Rammentiamo che il "Rapporto sui risultati conseguiti in materia di misure di contrasto all’evasione fiscale e contributiva-anno 2021" che ha fornito le stime del cosiddetto tax gap (la differenza tra gettito teorico e gettito effettivo) relativo alle entrate tributarie e contributive, riporta che nel triennio 2016-2018 (per il quale si dispone di un quadro completo delle valutazioni) si registra un gap complessivo in media di circa 105,9 miliardi di euro, di cui 94,3 miliardi di mancate entrate tributarie e 11,6 miliardi di mancate entrate contributive (i dati sono tratti dalla Relazione sull’economia non osservata e sull’evasione contributiva allegata alla Nadef 2021).

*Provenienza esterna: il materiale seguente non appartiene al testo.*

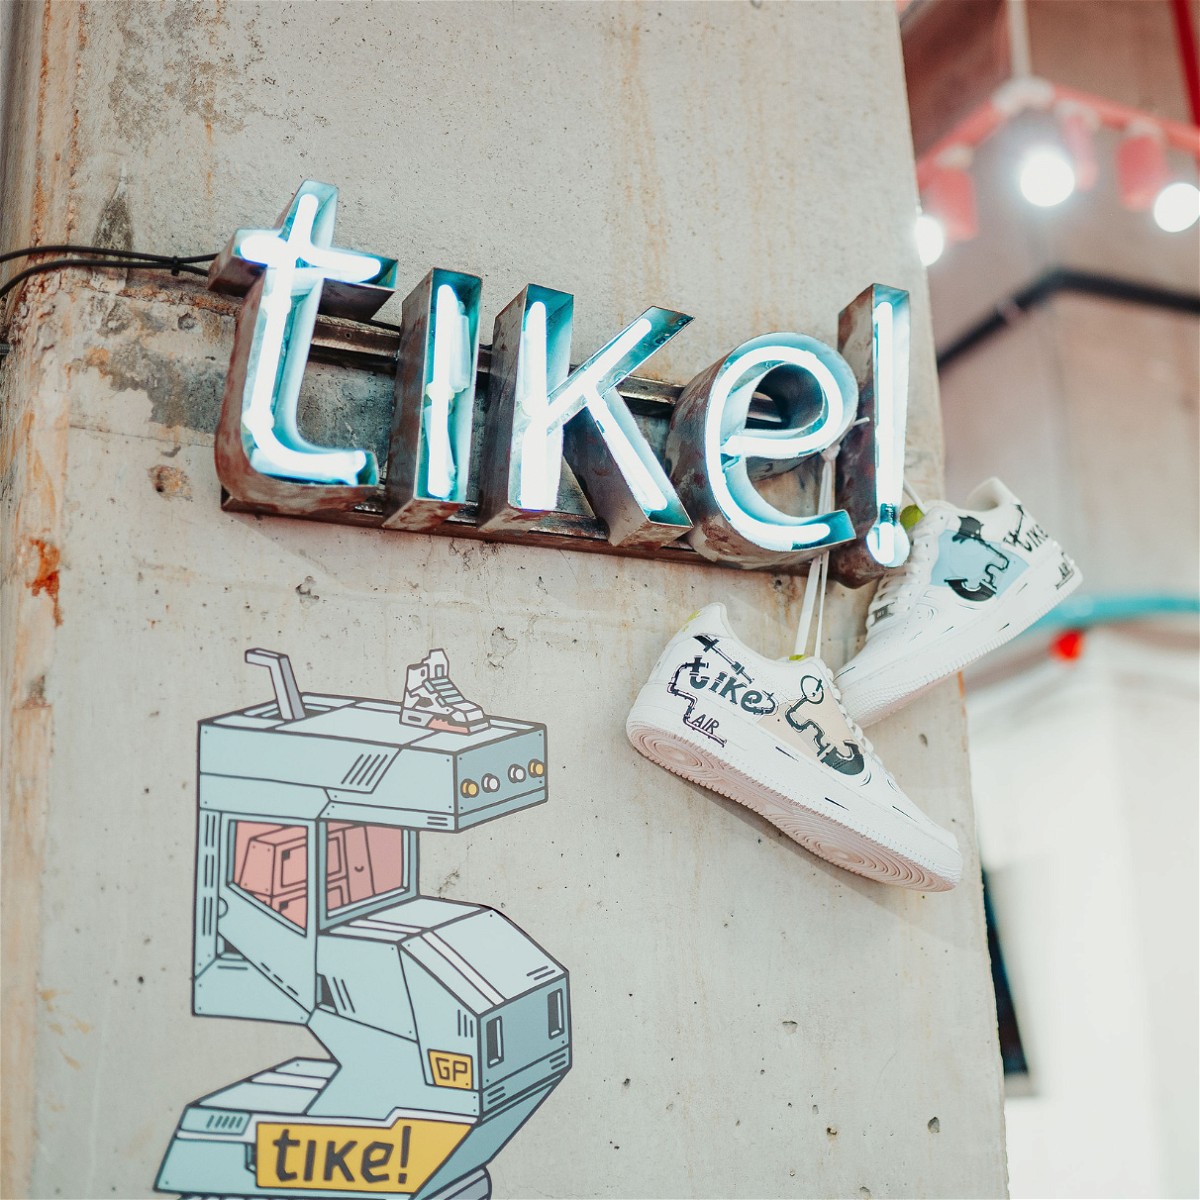 Inside tike! – Bucharest's Ultimate Sneaker Destination

Infine, vale la pena sottolineare che il raggiungimento dell’obiettivo M1C1-121 (Riduzione dell’evasione fiscale come definita dall'indicatore propensione all'evasione) del PNRR prevede che la propensione all'evasione in tutte le imposte (escluse l'IMU e accise), sia inferiore nel 2024 rispetto al 2019 del 15% del valore di riferimento del 2019 e che la stima di riferimento per il 2019 sia inclusa nella Relazione aggiornata del Governo sull'economia sommersa (con uno step intermedio inferiore nel 2023 rispetto al 2019 del 5%) Fonte: Dossier Camera/Senato Nadef 2021.

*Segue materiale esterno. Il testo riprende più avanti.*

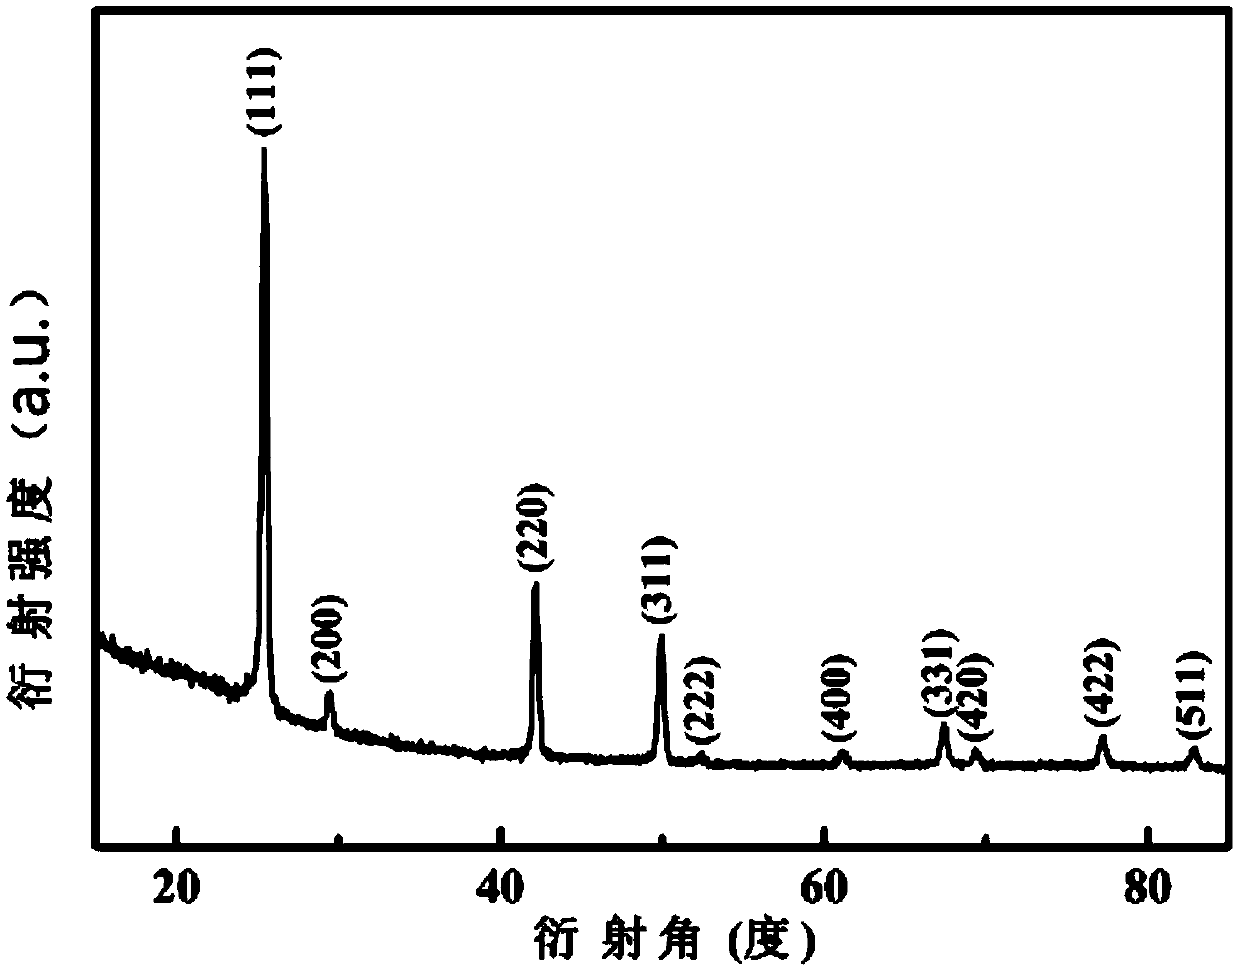 Method for preparing copper iodide P-type transparent semi-conductor thin film material at room temperature

Da segnalare, inoltre, che il Parlamento si appresta a discutere e votare la legge delega sul fisco approvata dal Governo lo scorso autunno e ora in corso che contiene anche la riforma del catasto, con l'obiettivo di ridurre gli immobili non censiti e di aggiungere il valore di mercato degli stessi.
Gli attuali valori catastali risalgono al biennio 1988-1989. I successivi tentativi di revisione di tali valori, nel 1998, 2005, 2011, 2013 e 2014 non hanno avuto successo.
L' Atto Camera (3343), approvatodal CdM il 5 ottobre 2021 richiede al Governo, per quanto concerne il catasto, di adottare norme volte a:
- ridurre l’abusivismo edilizio, facilitando l’individuazione degli oltre 1,2 milioni di unità immobiliari urbane non censite in catasto (Fonte: Statistiche Catastali 2020”, Agenzia delle Entrate)
- “attribuire a ciascuna unità immobiliare il relativo valore patrimoniale e una rendita attualizzata in base, ove possibile, ai valori normali espressi dal mercato”, prevedendo anche meccanismi di adeguamento periodico di tali voci ai prezzi di mercato (si stima che i proprietari di circa un quarto delle case italiane avrebbero una base imponibile ai fini fiscali pari al 26% del valore di mercato)
Nonostante il testo non preveda che tali valori siano usati per determinare la base imponibile per il pagamento di imposte, sono emerse forti opposizioni dai partiti del centro-destra, anche se l'evidente l’iniquità delle rendite catastali continuerà a comportare un trasferimento della pressione fiscale sulle fasce sociali più deboli.